Anyway, I have lived in New Mexico for almost 50 years and there are large parts of it I have not seen, or experienced. Places new and very, very old.
I don’t want to forget why I came here; Philmont Scout Ranch in 1954, the diverse population, the extremes in poverty and education, the extremes in geography, and the laid-back lifestyle.These all seem even more important to me now as I approach 74.
If you are travelling and want an interesting way to experience your destination, consider “Continuing Education.” In most towns with a university there is a continuing education program. All you have to do is search “continuing education” and the town or university that you are interested in.
Since I live in Albuquerque, New Mexico, I use UNM. (ce.unm.edu) This link takes you to the Story of New Mexico. Here you can find lectures and trips around New Mexico. The nice thing about these trips is that they include transportation, a guide, lodgings in interesting places, and some meals.
I have selected, but not yet registered for (the catalog just came today), the following fall trips:
1. Visit Georgia O’Keefe Home and Studio – $95 on Oct. 7 or Nov. 14. – This tour is usually wait-listed.
2. Hopiland – Two days – Aug. 20-21 and Nov. 5-6 – $260.
3. Acoma Pueblo San Estevan Feast Day and Harvest Dance -Sep. 2 – $70.
4. The San Ildefonso Corn Harvest Dance – Sept. 8 – $70
5. Meeting the Spirituality of Northern New Mexico – Oct. 30-31 – $300.
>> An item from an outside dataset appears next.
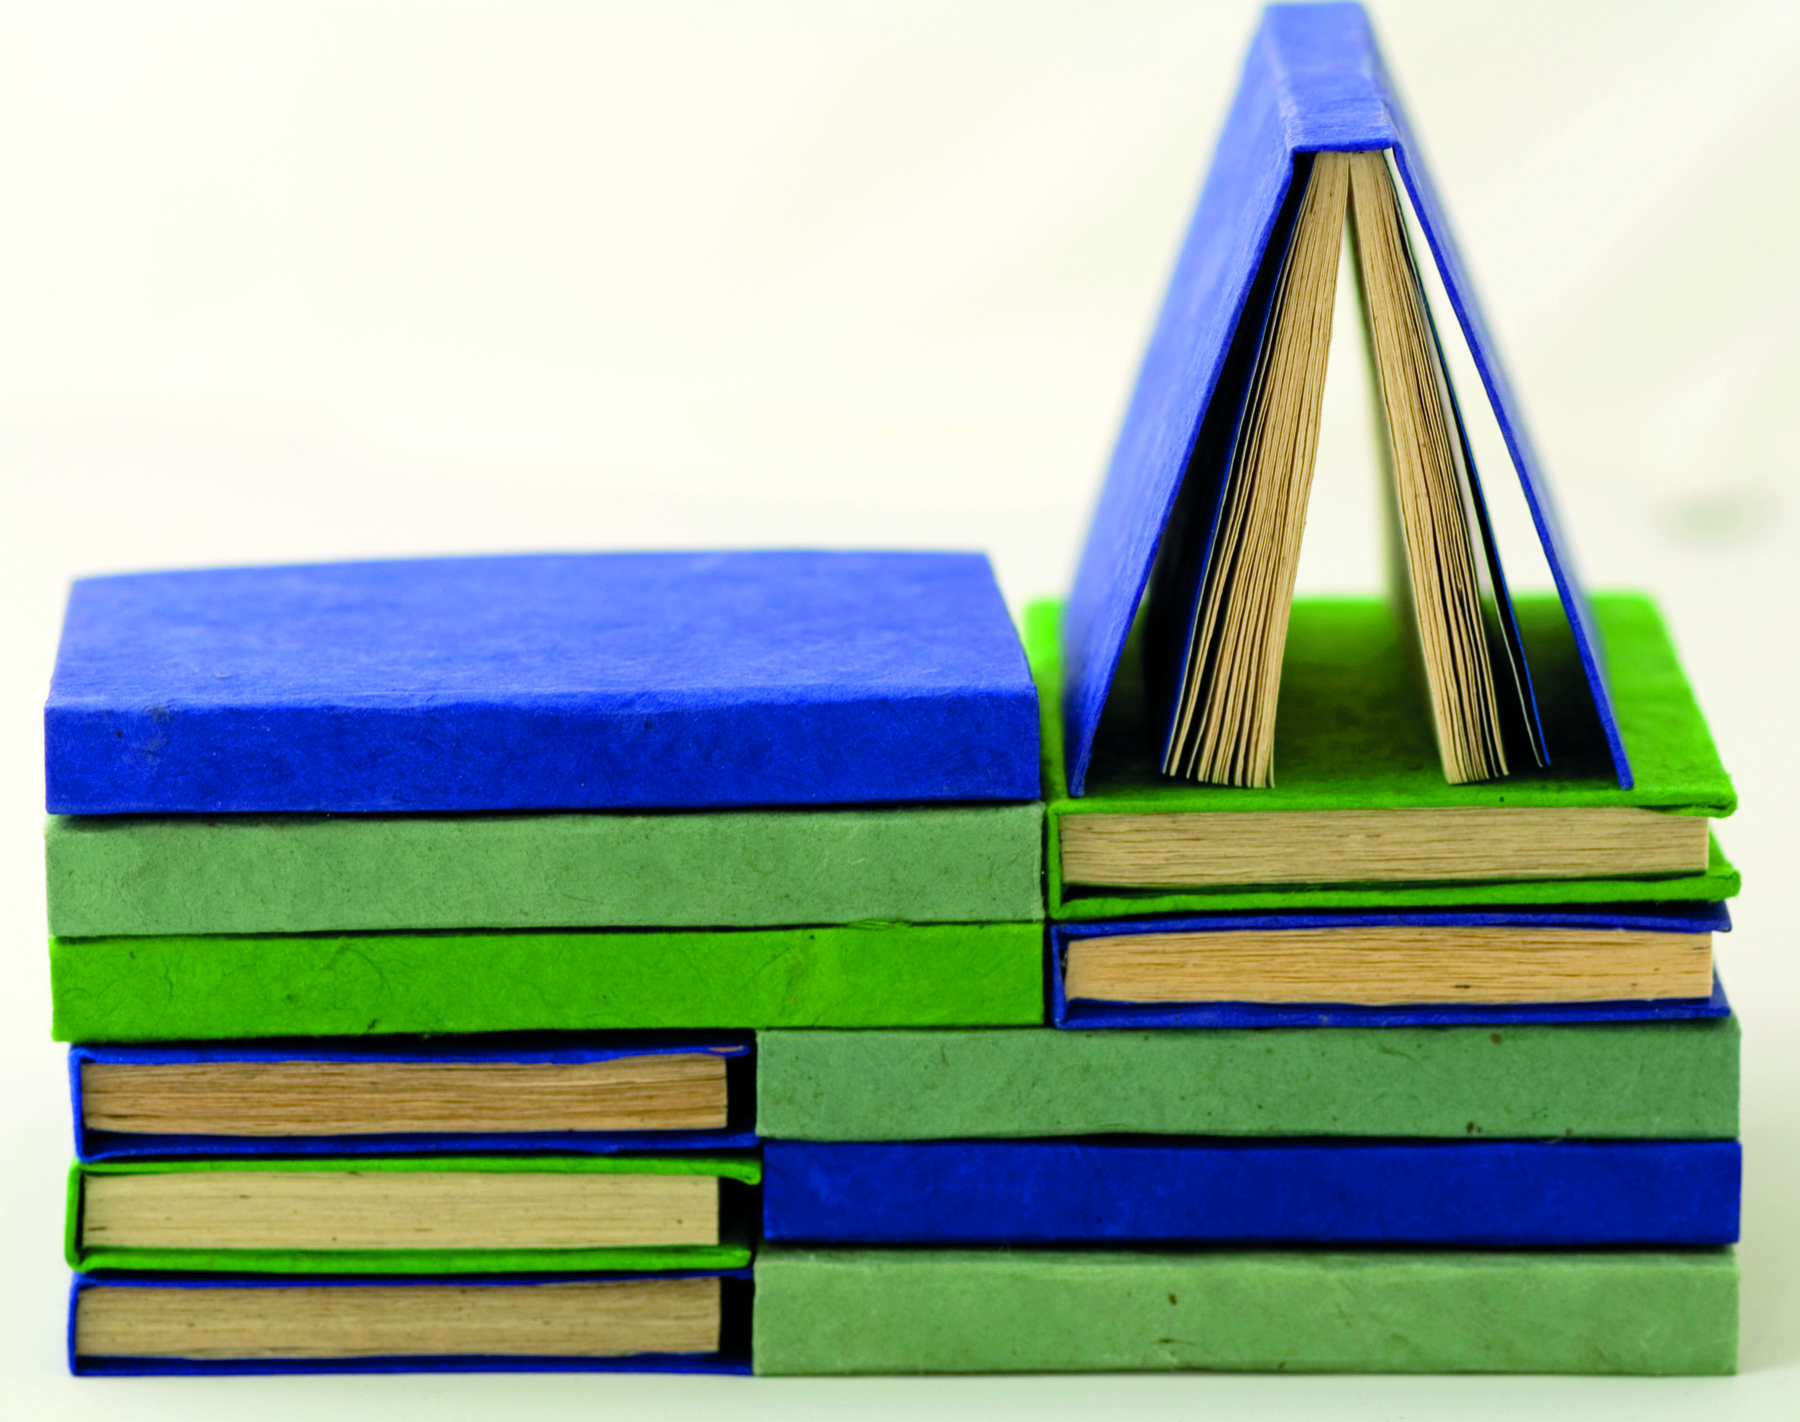 Fotografia. Diversos livros de capas artesanais azuis e verdes empilhados em posições distintas, alguns com a lombada para a frente e outros para o lado esquerdo. À direita, sobre uma das pilhas com a lombada para o lado esquerdo, há um único livro de capa azul semiaberto apoiado sobre um outro livro de capa verde.

6. The Confederate Invasion of New Mexico; Glorieta Pass – Nov. 7 – $92.
And a lot more. This is just New Mexico. You have to get on your computer and see what is available where you are going and when. I have done it in New Mexico, Arizona and Florida.
If you are old like me, you may not be comfortable driving in strange places, or after dark. You might also like to have arrangements made for you.
One of the best tours that I have taken was to the Crownpoint Rug Auction. It was great to have someone else drive me to Crownpoint; but, it was even better to have someone drive me back to Albuquerque at 1:00 in the morning after the auction was over. You can buy Navajo rugs from the weavers who wove them; and, at good prices.
A word of advice. Don’t eat the furnished “box lunch.” Go for the fry bread and the Indian Tacos that they serve at the auction. This trip was run by the senior centers in Albuquerque a few years ago. I have been watching for it to pop up again. An excellent source of trips is the senior center bulletin board; the centers are also good for free books, cheap coffee and cheap lunches. You can also find wi-fi. Next new town you are in, stop by a senior center and see what they have.